An insurgency of too many kids who do not know Christ and you hav one kind of program, a glut of inactive saints and we have another. The question of investment of time, energy, and money will dictate the kind of program we wind up with. So, which will it be, sinners or saints? Or both?

Seth Godin offers companies and small businesses some advise about where to spend their time and energy to gain business and I am wondering if the church/youth ministries could extract a few tips from this nugget:

Until you do the math. The math makes it clear that the people who go to the theater regularly are often the ones who fill the seats, pay the bills and spread the word. It turns out that activating people who already like you is far more productive and profitable than it is to spend time and money yelling at people who are ignoring you. -Seth Godin

You can read the whole post HERE for the context about plays and theaters.

I can remember, early in my ministry, where our youth ministry was blowing and going with reaching new kids. A young lady kindly confronted me that night with a plea for deeper teaching/preaching. I explained to her that I felt like the crowd we were currently ministering to were not ready for it. I cringe to this day when I remember those words.

That young lady was a regular attender who was asking me, her Pastor, for deeper stuff on Wednesday nights. I should have listened to or at least extended the conversation with her but I was too immature and I really loved having all these new kids who were, for the most part, not followers of Jesus. I had only been at this church for for 18 months and had not quite worked out my discipleship strategy.
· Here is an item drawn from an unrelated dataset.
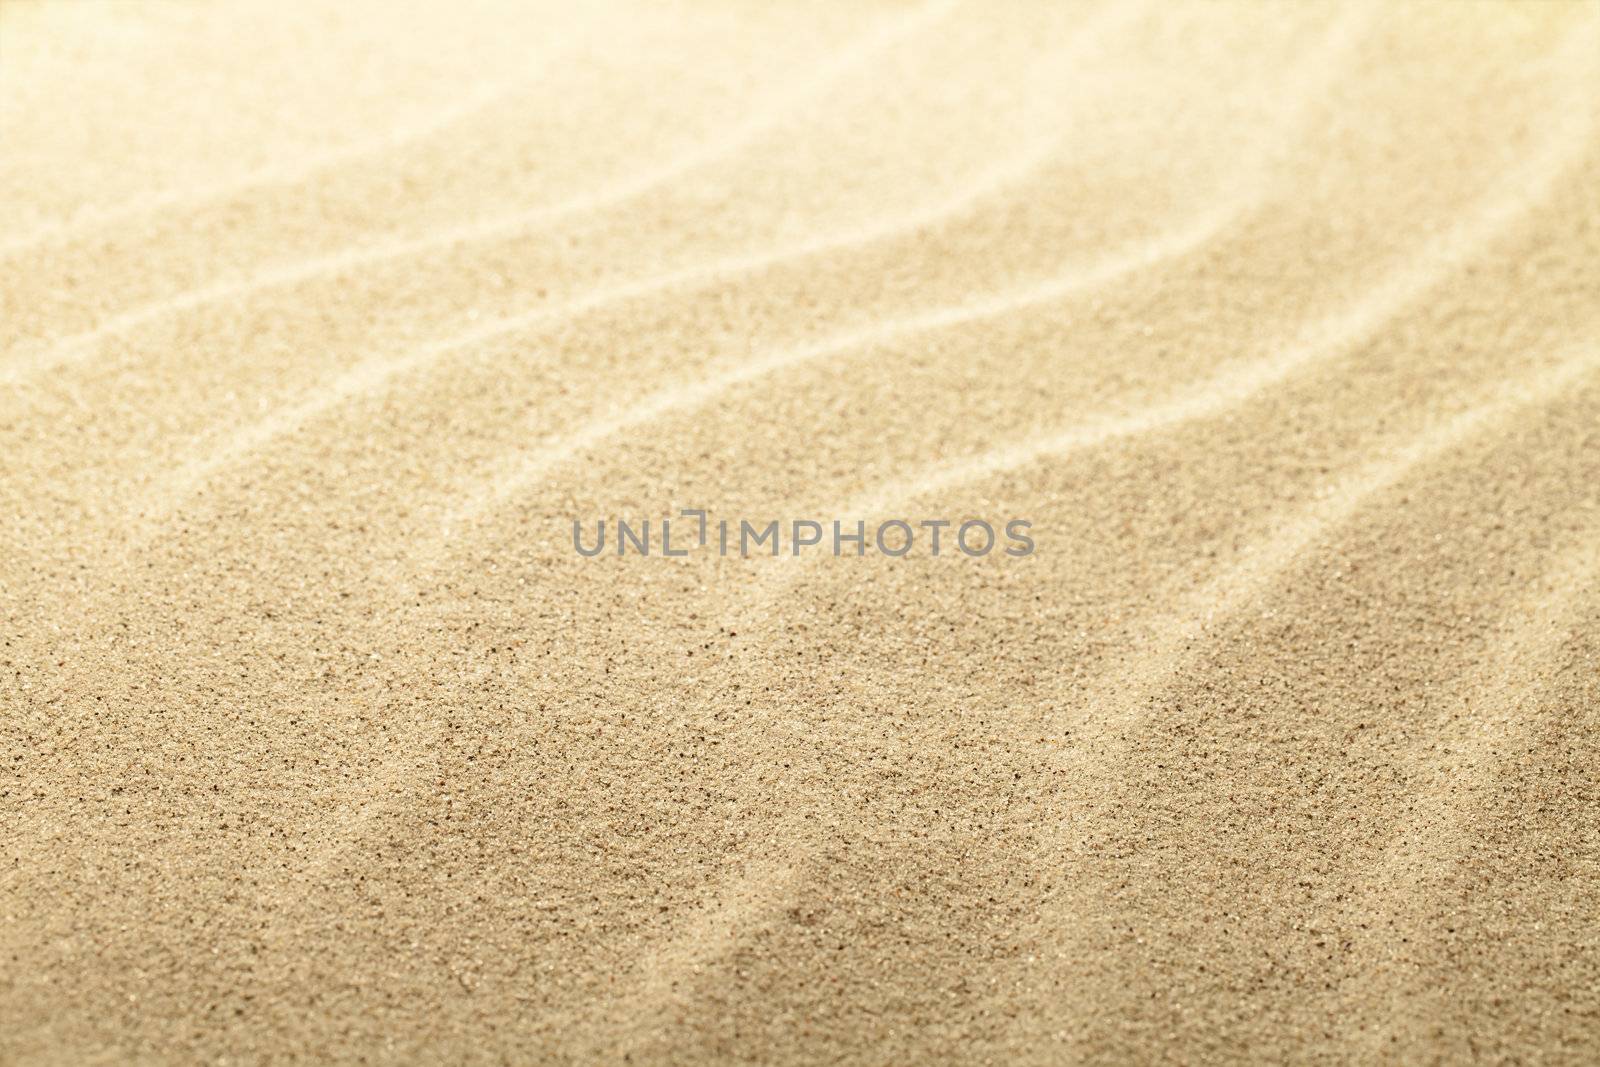 Beach sand background, sandy waves close up view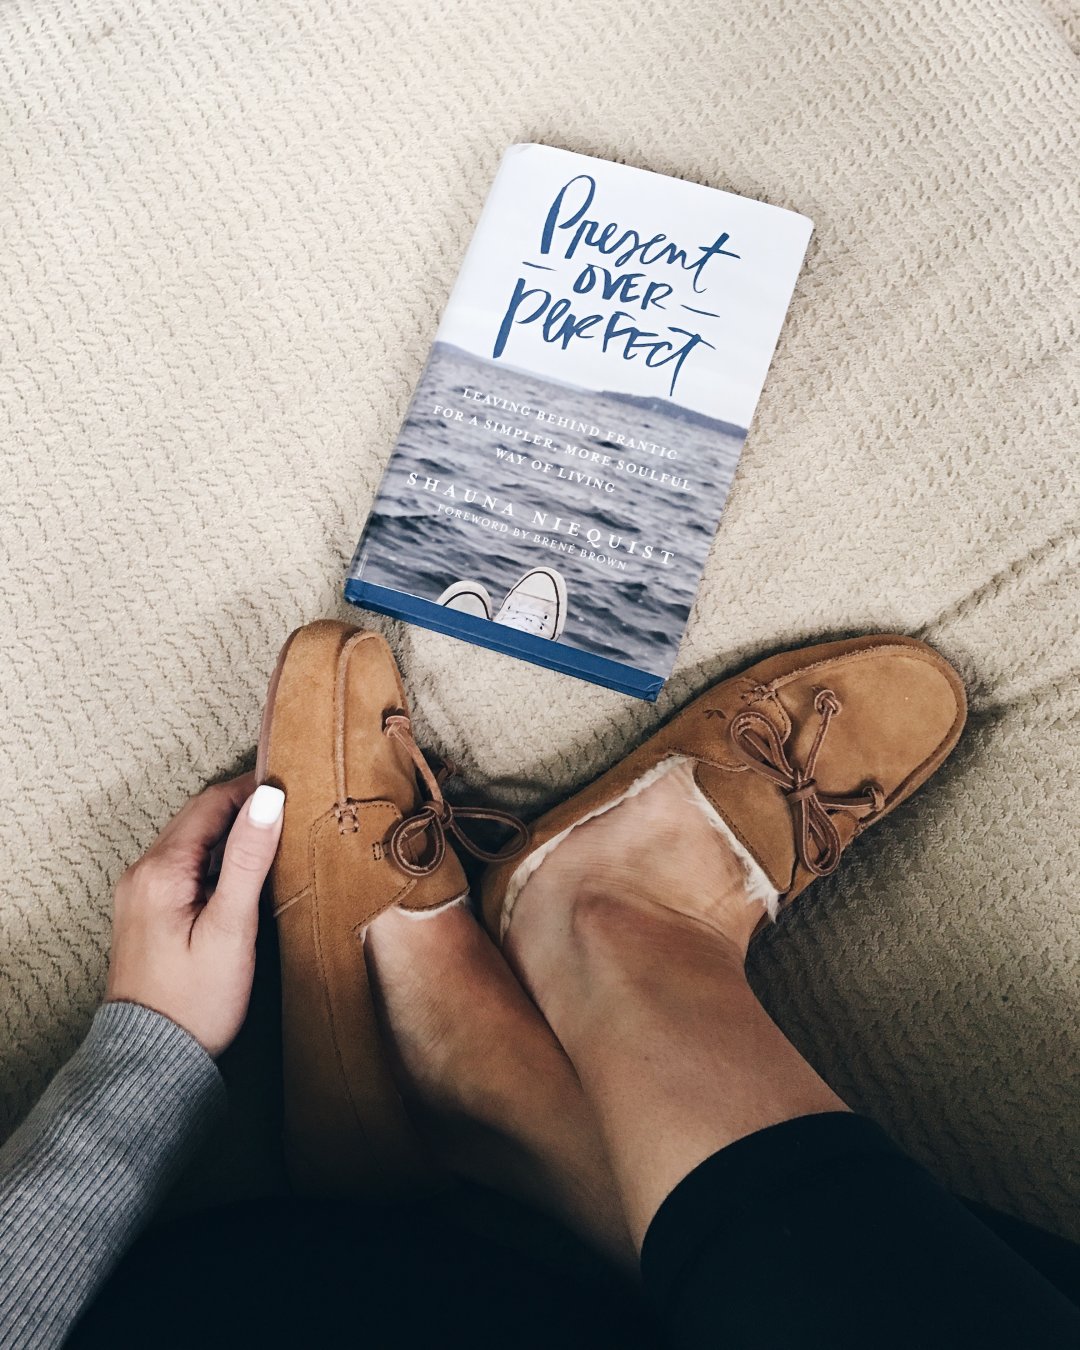 ways to embrace fall this season, cozying up with a good book present over perfect

Excuses aside, I should have paid more attention to her and here’s why:

She had a vested interest in what was going on

This young lady was not some fly by night student with a gripe, but she was not a leader either. She was consistent. She cared about our group and about what she was learning. She could have been more involved but I spent more time trying new ways to reach people who did not care about out youth ministry or our church.

She could have become a bigger voice for the program and the Lord

I am not saying we should not reach sinners, it’s pretty much a mandate, but in my enthusiasm to reach sinners I forgot that the mandate was not just to reach more sinners but to make disciples of them (Matthew 28). I could have invested more into this young lady and some of the other students like her and they could have been the greatest evangelists we had. I wouldn’t have had to worry about meeting a pastor’s expectations because a core croup of mature believers would have already been doing that.

Here is another statement Godin makes that we all should take to heart when we think about who we are paying attention to and investing in when it comes to our students,


This one shift, a shift to building relationships between and among the core audience, to make plays for your audience instead of finding an audience for your plays, is the golden lesson that applies to just about every organization.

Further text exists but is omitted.